Se discute mucho en la literatura la escasa presencia de las mujeres en el negocio editorial y en los catálogos editoriales. Es un problema que nos debe preocupar, y que todos deberíamos contribuir a solucionar de alguna manera. Pero quizás lo está haciendo en exceso comparado con otros, como la imposibilidad de las mujeres de clase baja de marcharse de su hogar y llevarse a sus hijos o el hecho de que miles de ellas son asesinadas año tras año en los países hispanohablantes, también en España, donde en ese sentido también hay mucho por hacer.
–Pero no son luchas excluyentes, ¿no cree?
–Son independientes, claro. Pero en la escena cultural en la que nos movemos es más frecuente escuchar hablar de la disparidad en los catálogos editoriales que de las otras cuestiones. En ese sentido, en mi opinión, el feminismo no puede separarse de una visión de clases, sino a condición de que se convierta, precisamente, en un esfuerzo por librar una batalla que tan solo concierne a unos pocos.
–Sin embargo, acaba de apostar por abrir el melón en el ámbito de la literatura. ¿Cómo aportaría usted a ese debate pendiente?

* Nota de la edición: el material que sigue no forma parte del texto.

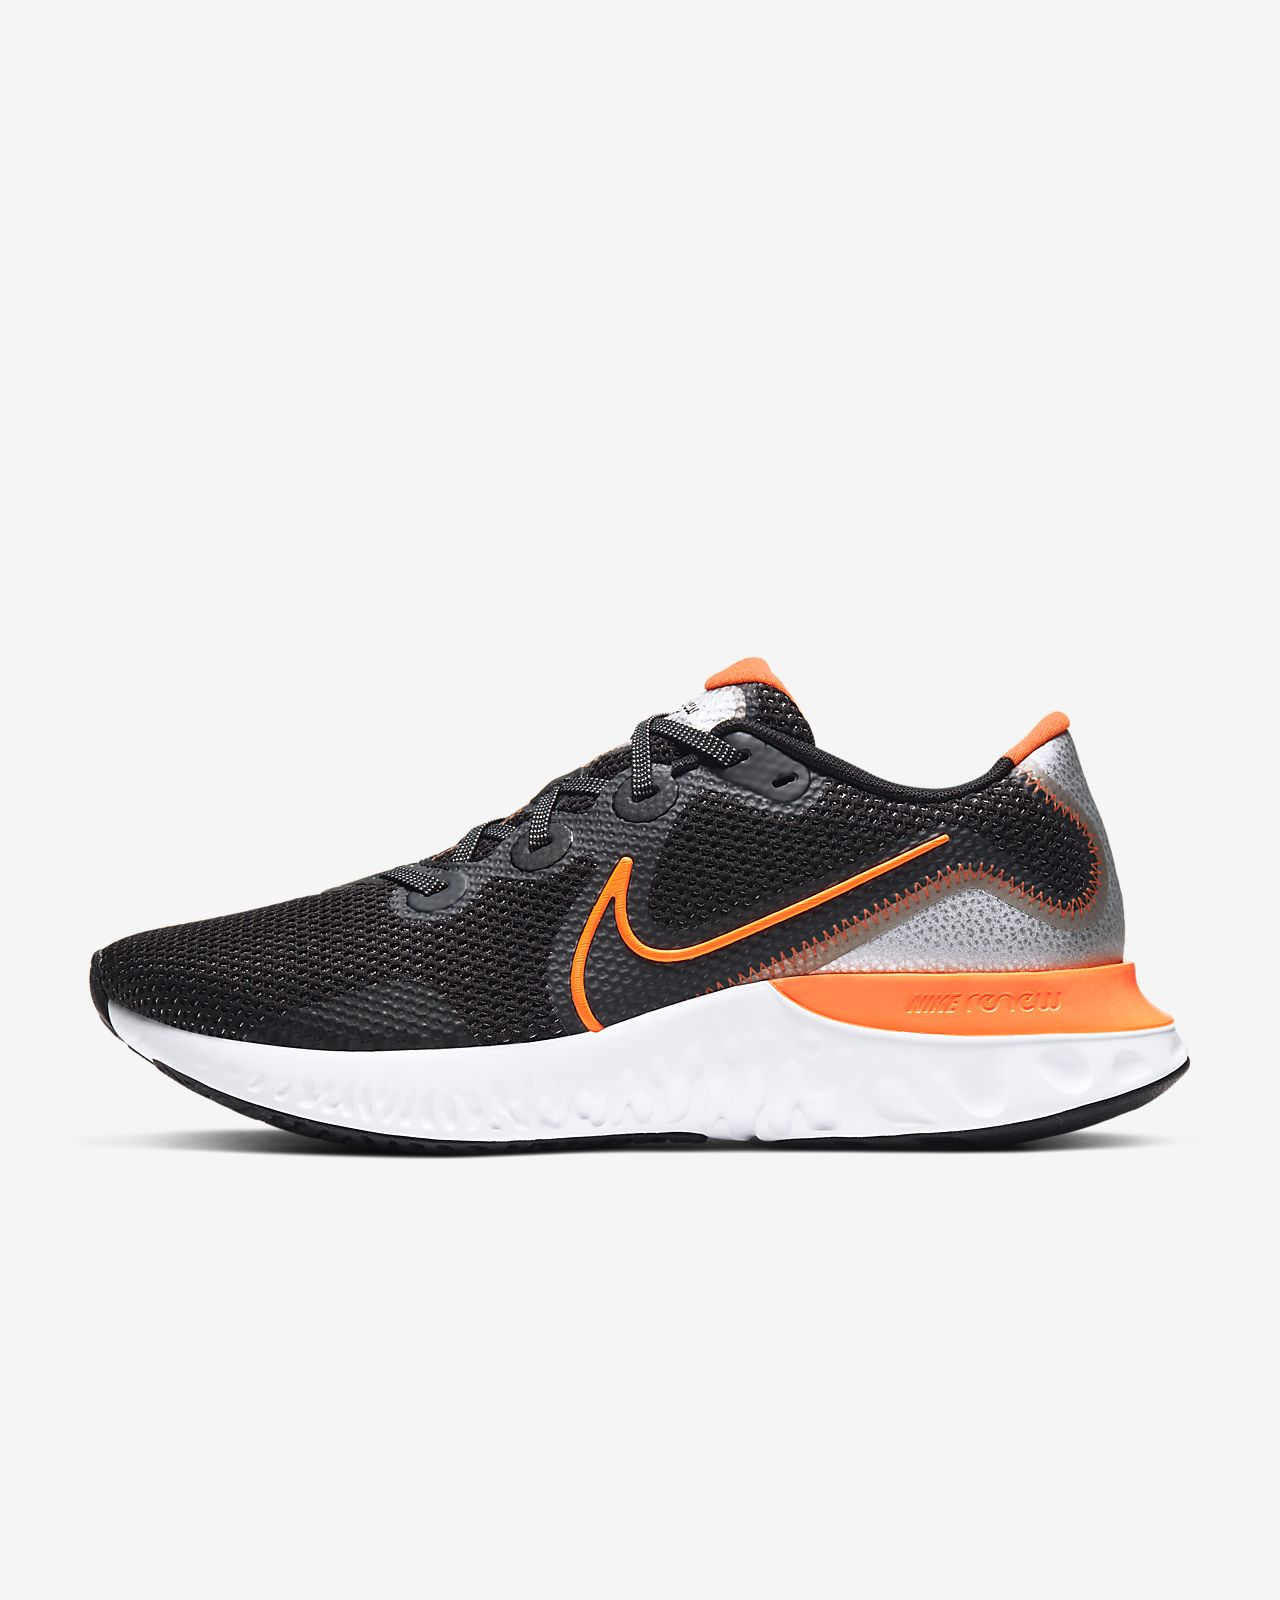 Sapatilhas de running Nike Renew Run para homem

–Al margen de mis balbuceos y contradicciones al tratar de responder a esta pregunta tan dificultosa, está claro que tenemos un debate pendiente en el ámbito de la literatura respecto a los abusos y las desigualdades. No para establecer un estándar de prácticas, sino más bien para pensar en qué instituciones están constriñendo nuestro margen de acción. Yo, por ejemplo, no sé cuáles son las elecciones de género de las autoras que leo. Solo sé que, haciendo números para mí mismo, leo a más mujeres que a hombres. Esto, en mi opinión, debería ocupar una posición menos relevante en la discusión. Lo que deberíamos cuestionar no son las cuotas, que incluso podrían devaluar la producción literaria de mujeres de las que algún lector podría considerar que sólo forman parte de un catálogo editorial para cumplir con la cuota, sino un dispositivo llamado heteropatriarcado en el que confluyen una serie de ideas y de circunstancias que constriñen a la sociedad, tanto a mujeres como a aquellos hombres que no lo deseamos ni para nosotros ni para los demás. Y, eso, aunque no se hable, también ocurre en el mundo editorial, que es una reproducción a escala reducida pero bastante veraz del mundo en que vivimos.